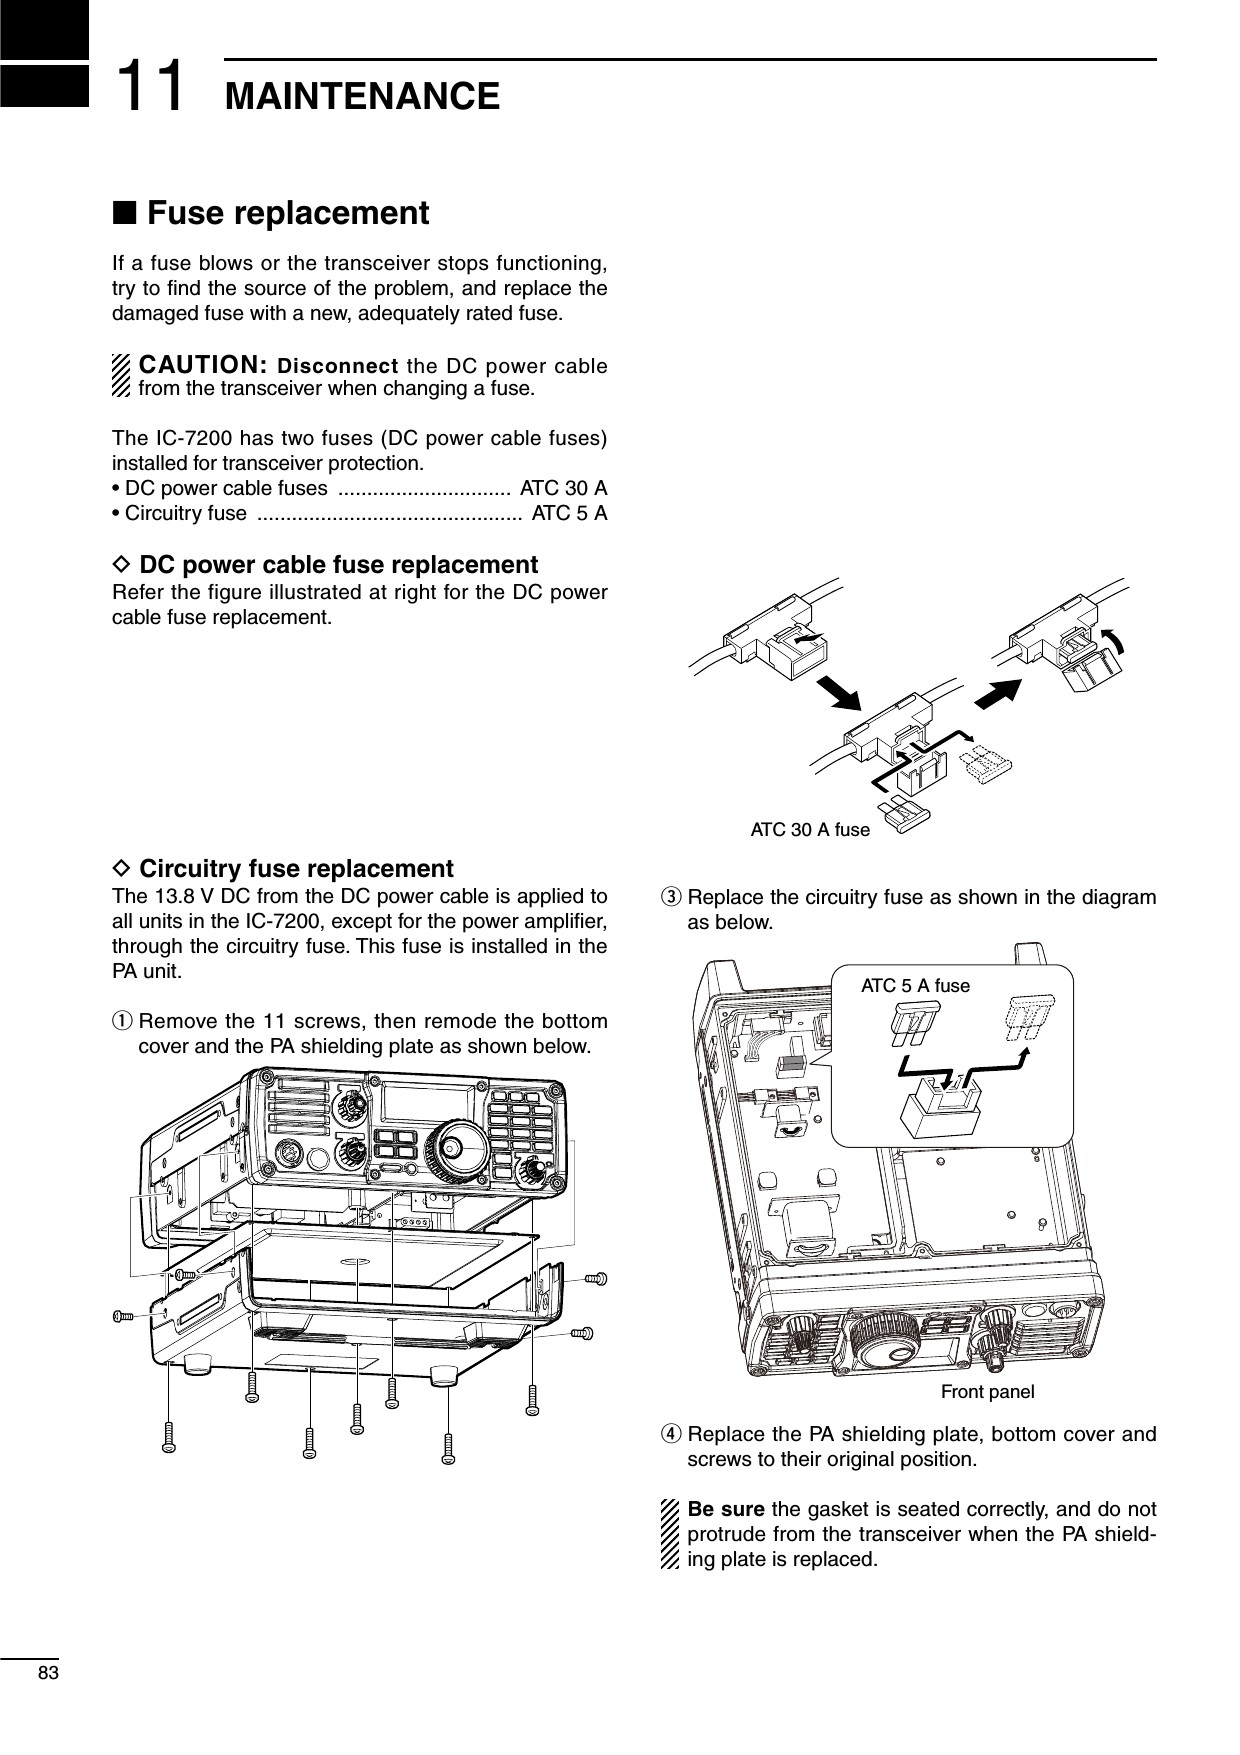 Manual Transmission Diagram Hf 50 Mhz Transceiver User Manual Ic 718 Instruction Manual Of Manual Transmission Diagram
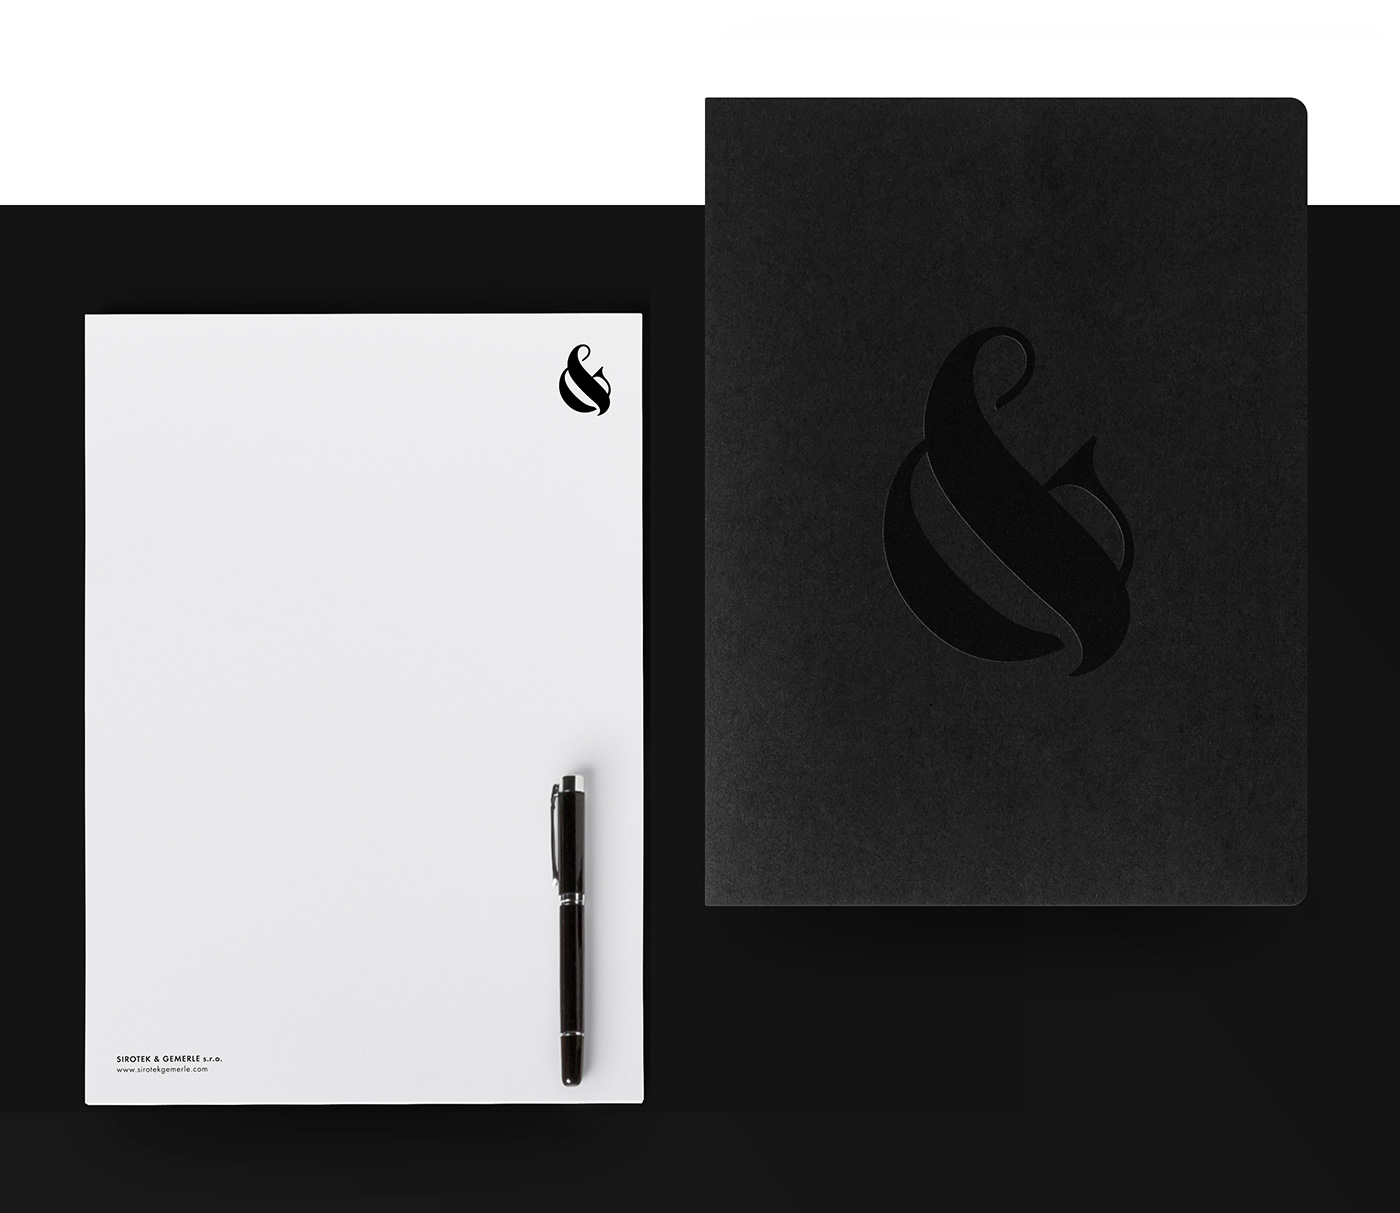 Sirotek Gemerle creative advertise agency b&w logo design black and white video brand identity visual minimal elegant
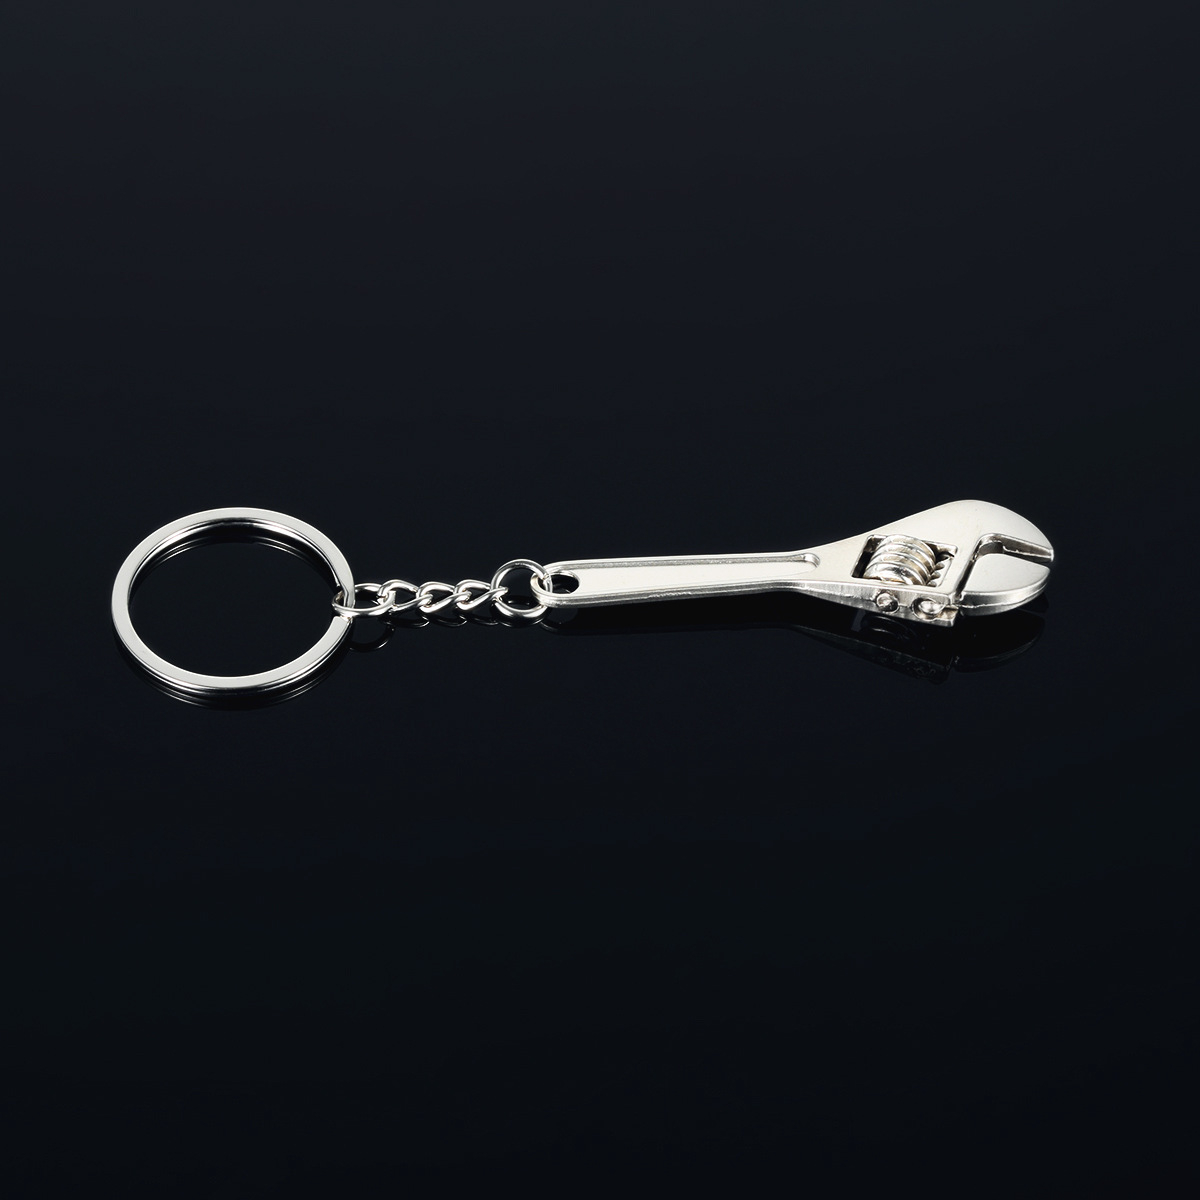 Metall Schraubenschlüssel Schlüsselanhänger Accessoire
++++++++++
• [WORK INSTRUCTIONS] Everything from the line containing "Sirotek Gemerle creative" to the final line of the listing above, both ends included, should be transcribed word for word, except for the pictures.

• [YOUR SOLUTION]
 Sirotek Gemerle creative advertise agency b&w logo design black and white video brand identity visual minimal elegant
 Metall Schraubenschlüssel Schlüsselanhänger Accessoire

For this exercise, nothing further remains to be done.